L'amateur doit ensuite choisir un module, c'est à dire une taille de cigare. Chaque fabricant est libre de choisir les dimensions de ses cigares. Il n'existe pas de normes précises sinon des modules de référence : des jauges exprimées en pouces. Le cigare moyen est le Corona, il mesure environ treize centimètres. Pour des raisons d'harmonie esthétique, le rapport entre le diamètre d'un cigare et sa longueur est généralement d'un à dix. Cependant des variations existent. Certains préfèrent des cigares courts mais larges comme les half double-coronas qui possèdent un diamètre deux fois plus large qu'un corona traditionnel. D'autres cherchent des modules plus fins, des panatellas. Comme le cigare est fabriqué à la main, le plus petit diamètre possible est de l'ordre de huit millimètres, les plus fins cigares faisant généralement une douzaine de millimètres de diamètre. Parmi les plus gros cigares, l'un des modules les plus célèbres et le Montecristo "A", de 23.5 cm de long pour un diamètre de 18.5 millimètres.

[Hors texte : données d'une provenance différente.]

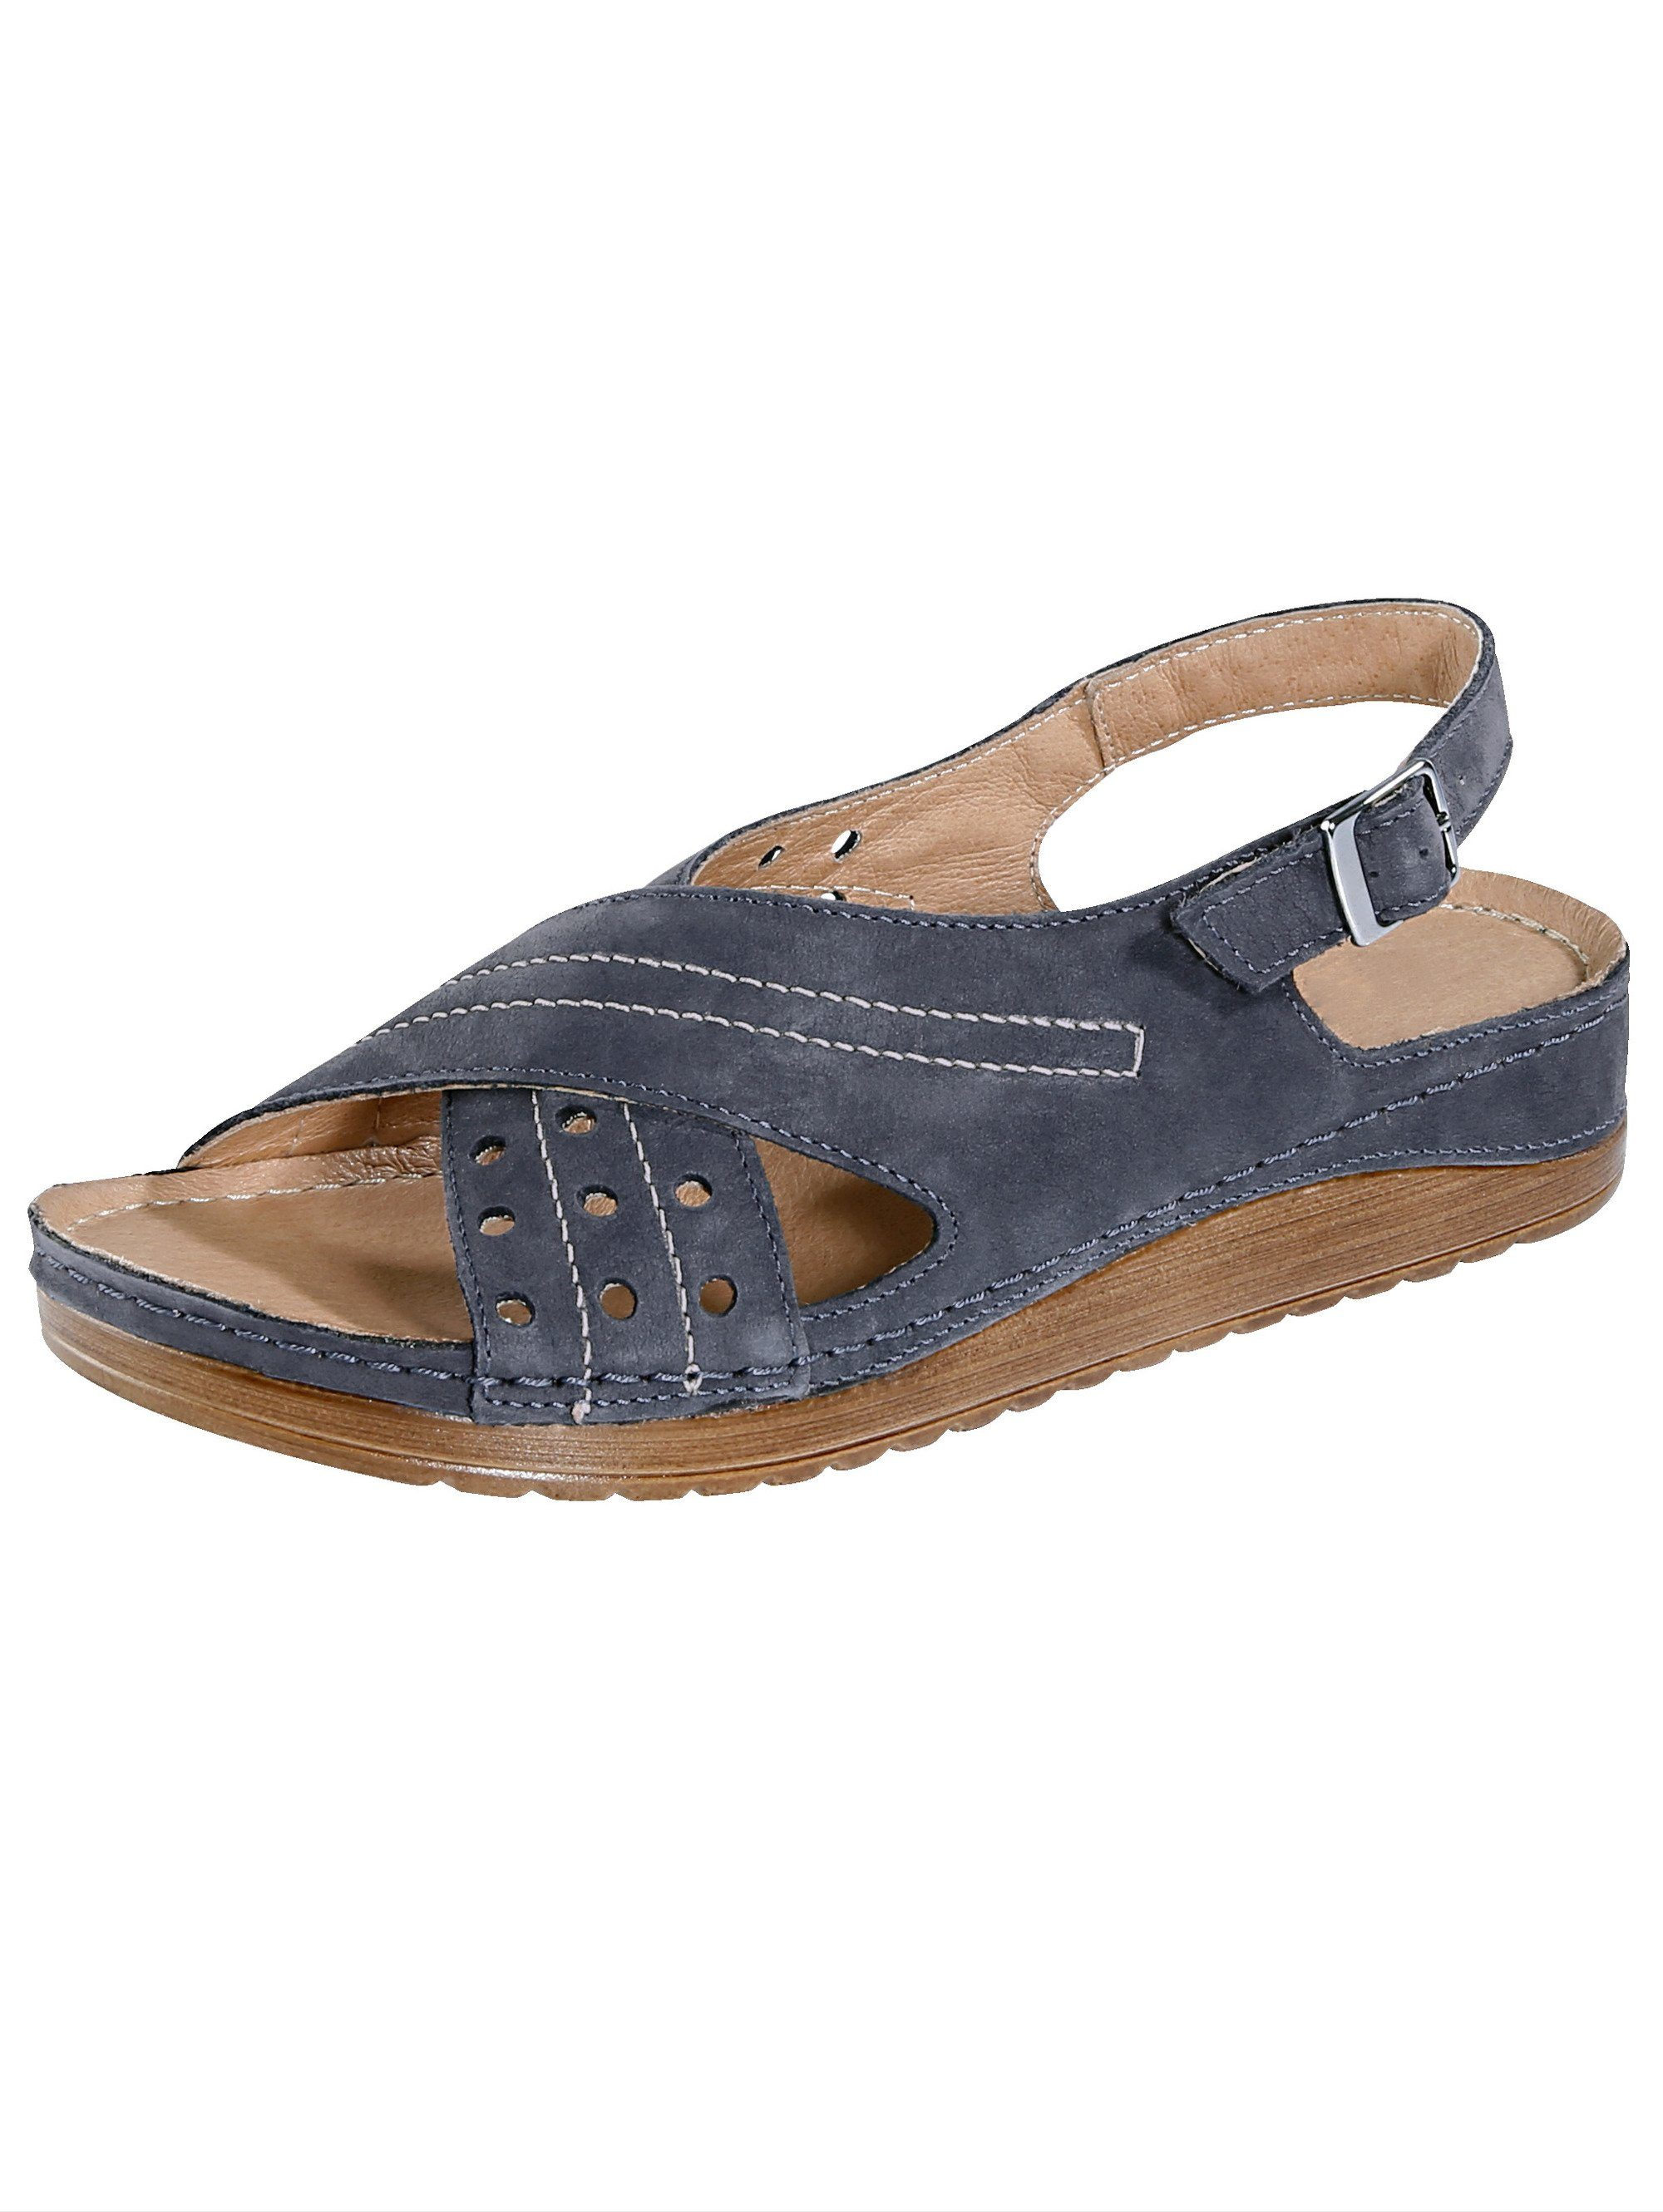 Naturläufer Sandale blau Damen Sandaletten Sandalen Sandalen/

A noter que la largeur du diamètre influe sur la quantité de nicotine et de goudrons présente dans la fumée. Pourquoi ? Tout simplement parce que les gros diamètres assurent une combustion plus complète. C'est ainsi qu'une étude mesurant les produits dégagés par deux cigares identiques de 8 mm et de 13 mm de diamètre a montré que les produits gazeux assez irritants étaient de 2 à 3 fois moins nombreux dans le cas du cigare le plus large. La nicotine était elle réduite de 5 fois et les goudrons de 8 fois (Ref : G.Belaubre, Cigares, Champerard, p47).

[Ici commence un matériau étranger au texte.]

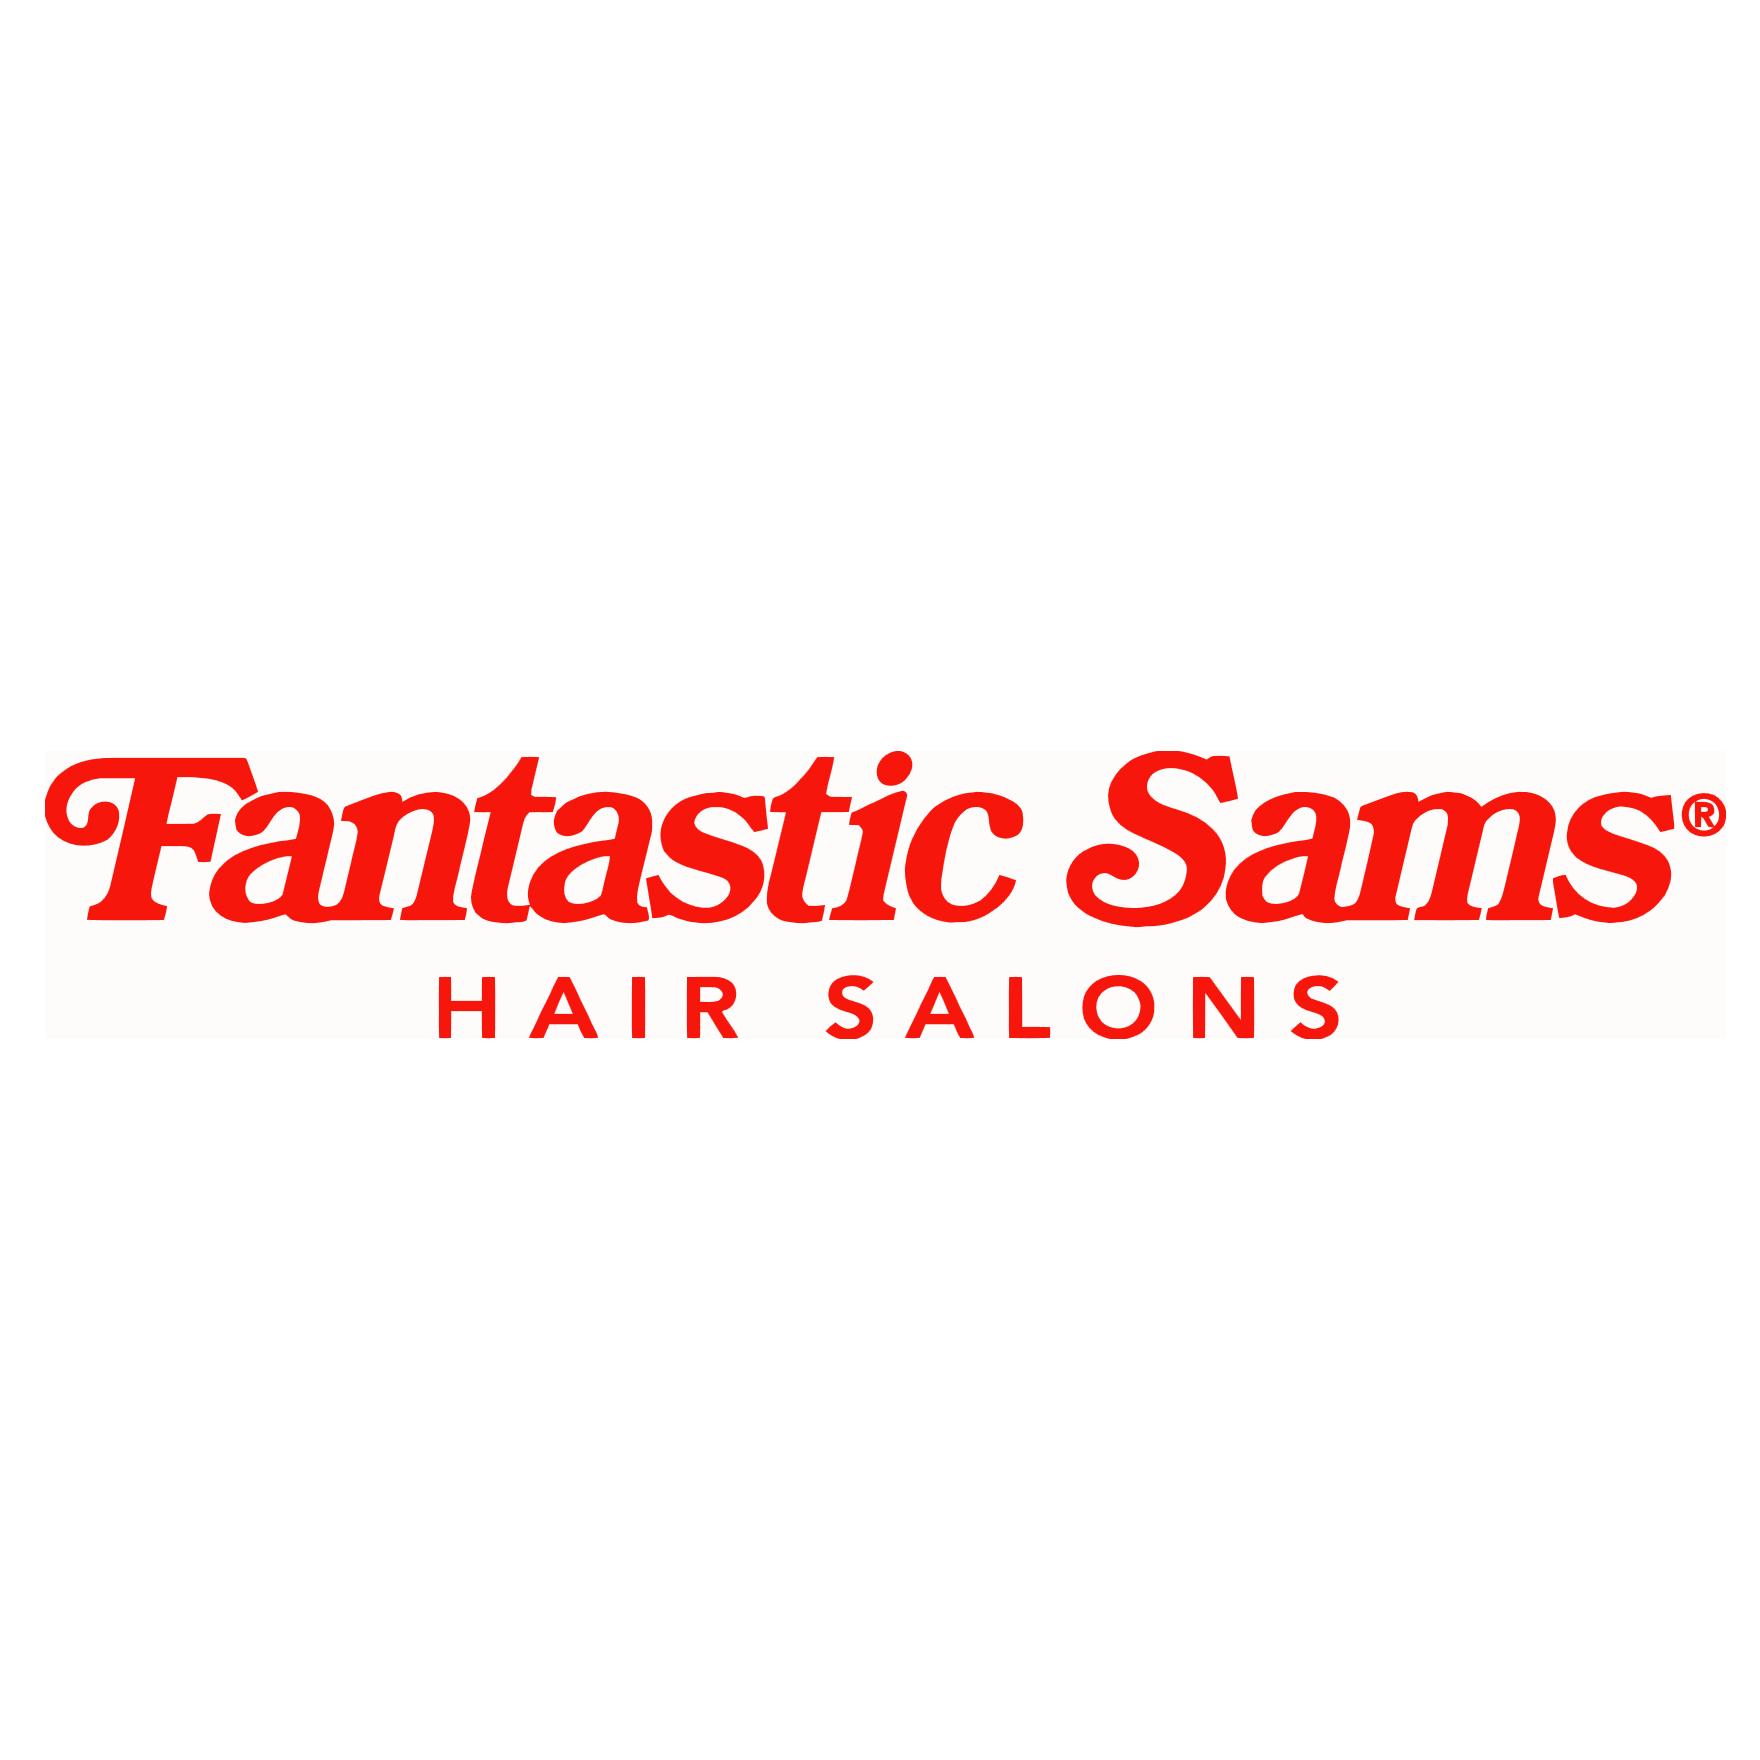 Fantastic sams hair salon in plano tx 75075 for Sams salon

Il faut donc en finir avec l'image du gros cigare plus nocif que le petit c'est exactement l'inverse qui se produit. De plus, les meilleurs feuilles étant utilisées pour les plus beaux modules, l'amateur trouvera parmi les Double-coronas, les Imperiales et autres Lusitanias de quoi assouvir son désir de perfection. Une dernière précision sur la combustion, l'humidité du cigare essentielle pour sa conservation assure également un double rôle lorsqu'on fume. L'humidité améliore le goût et elle amène le cigare plus rapidement à son meilleur niveau. Ceci se fait par l'abaissement de la température de combustion, du fait de l'eau qui s'évapore. Abaissement qui favorise la présence dans la fumée de substances aromatiques qui auraient été craquées (ou pyrolysées) dans une combustion plus vive. Dès les premières bouffées, il y a condensation de la vapeur d'eau et d'une partie de la fumée à l'intérieur du cigare. Cette condensation réchauffe le corps du cigare, ce qui limite les condensations de fumée ultérieures. La fumée devient donc plus vite agréable.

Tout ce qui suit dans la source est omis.